Modeling pronunciation probabilities

MFA includes a utility command for training pronunciation probabilities of a dictionary given a corpus for alignment.

The resulting dictionary can then be used as a dictionary for alignment or transcription.

Steps to train:

  1. Provided the steps in Installation have been completed and you are in the same Conda/virtual environment that MFA was installed in.
  2. Run the following command, substituting the arguments with your own paths:
mfa train_dictionary corpus_directory dictionary_path acoustic_model_path output_dictionary_path


acoustic_model_path can also be a language that has been pretrained by MFA developers. For instance, to use the pretrained English model, first download it via mfa download acoustic english. A list of available acoustic models will be provided if you run mfa download acoustic. See Pretrained models for more details.

Options available:


Display help message for the command

--config_path PATH

Path to a YAML config file that will specify either the alignment options or the training configuration. See Configuration for more details.

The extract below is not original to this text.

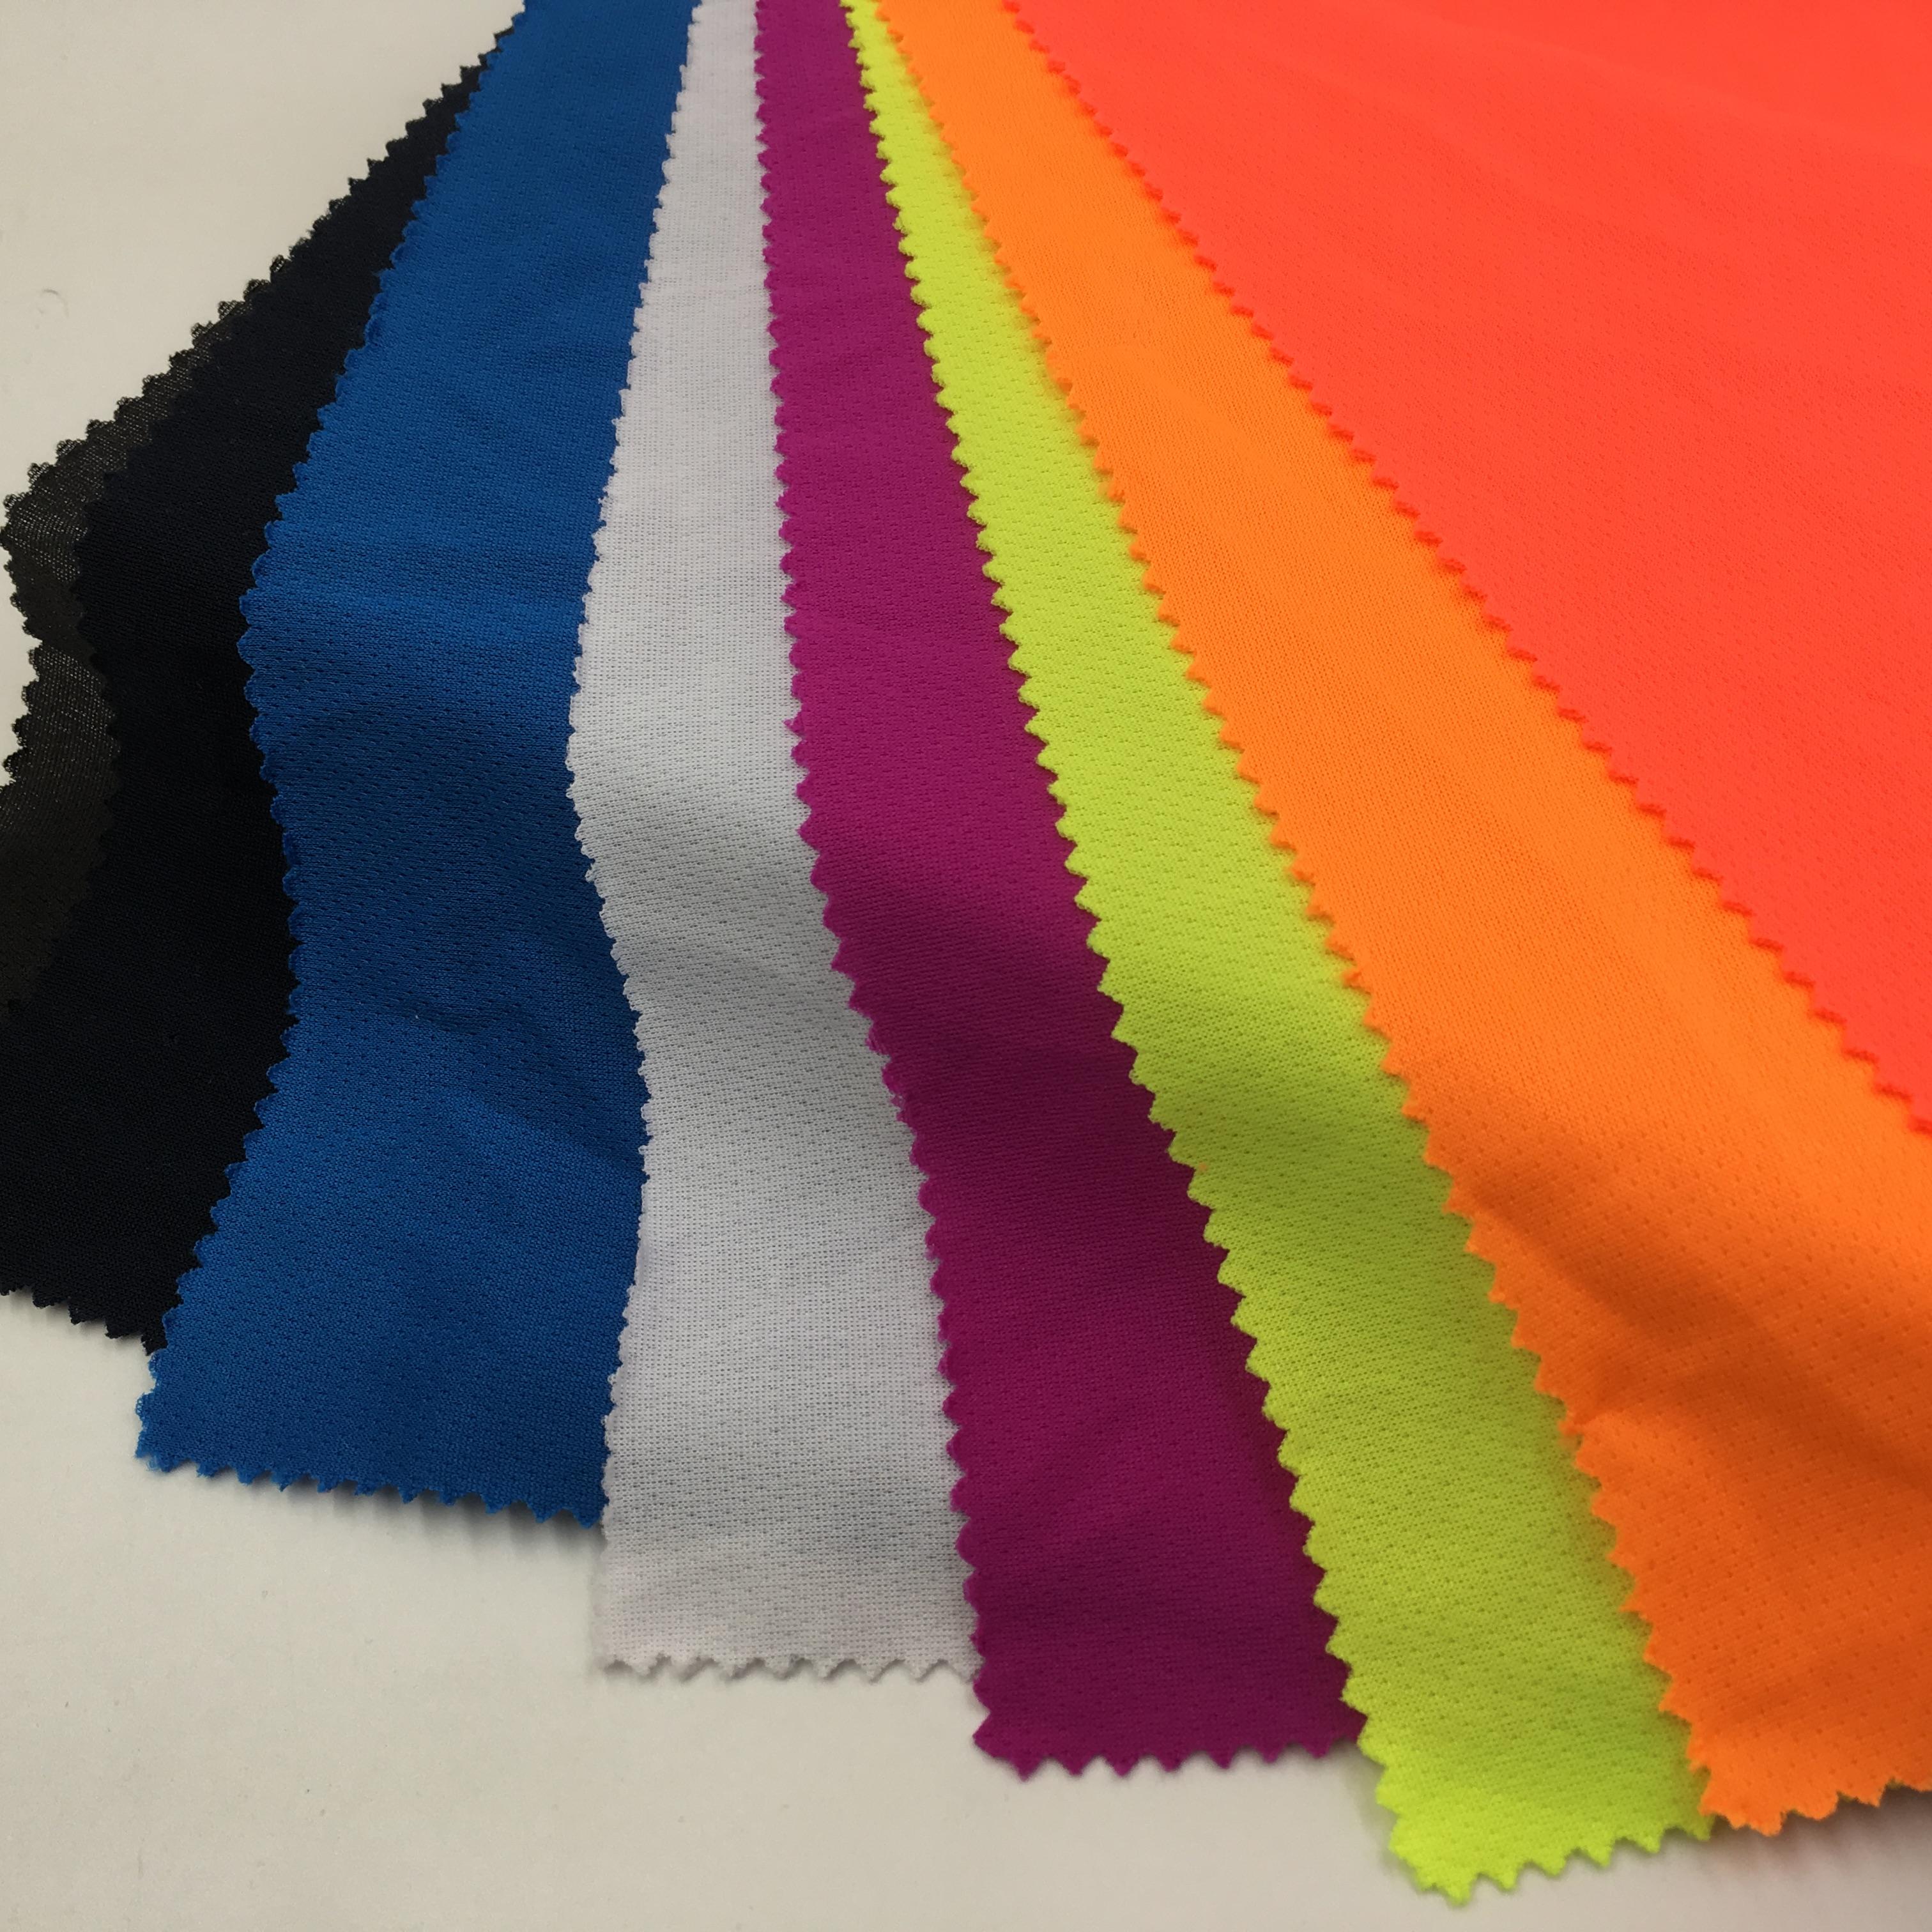 Высококачественная многоцветная рубашка-поло из 100% полиэстера, трикотажная ткань пике

--speaker_characters NUMBER

Number of characters to use to identify speakers; if not specified, the aligner assumes that the directory name is the identifier for the speaker. Additionally, it accepts the value prosodylab to use the second field of a _ delimited file name, following the convention of labelling production data in the ProsodyLab at McGill.

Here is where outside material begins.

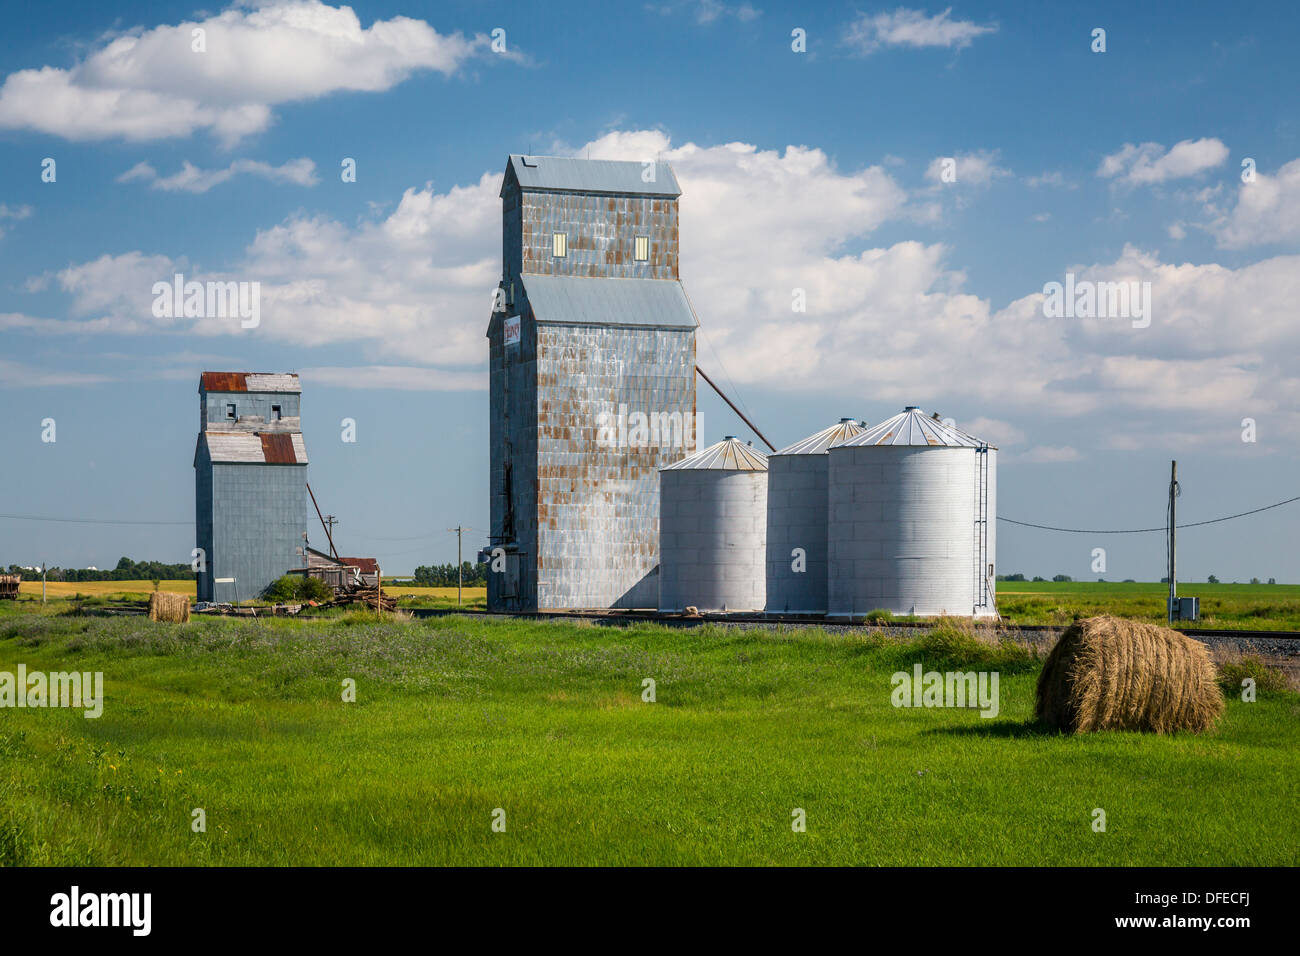 Two small grain elevators near Cole Harbor, North Dakota, USA. - Stock Image

--temp_directory DIRECTORY

Temporary directory root to use for aligning, default is ~/Documents/MFA

--num_jobs NUMBER

Number of jobs to use; defaults to 3, set higher if you have more processors available and would like to align faster


The aligner will print out more information if present


The aligner will run in debug mode


Forces removal of temporary files in ~/Documents/MFA prior to aligning. This is good to use when aligning a new dataset, but it shares a name with a previously aligned dataset. Cleaning automatically happens if the previous alignment run had an error.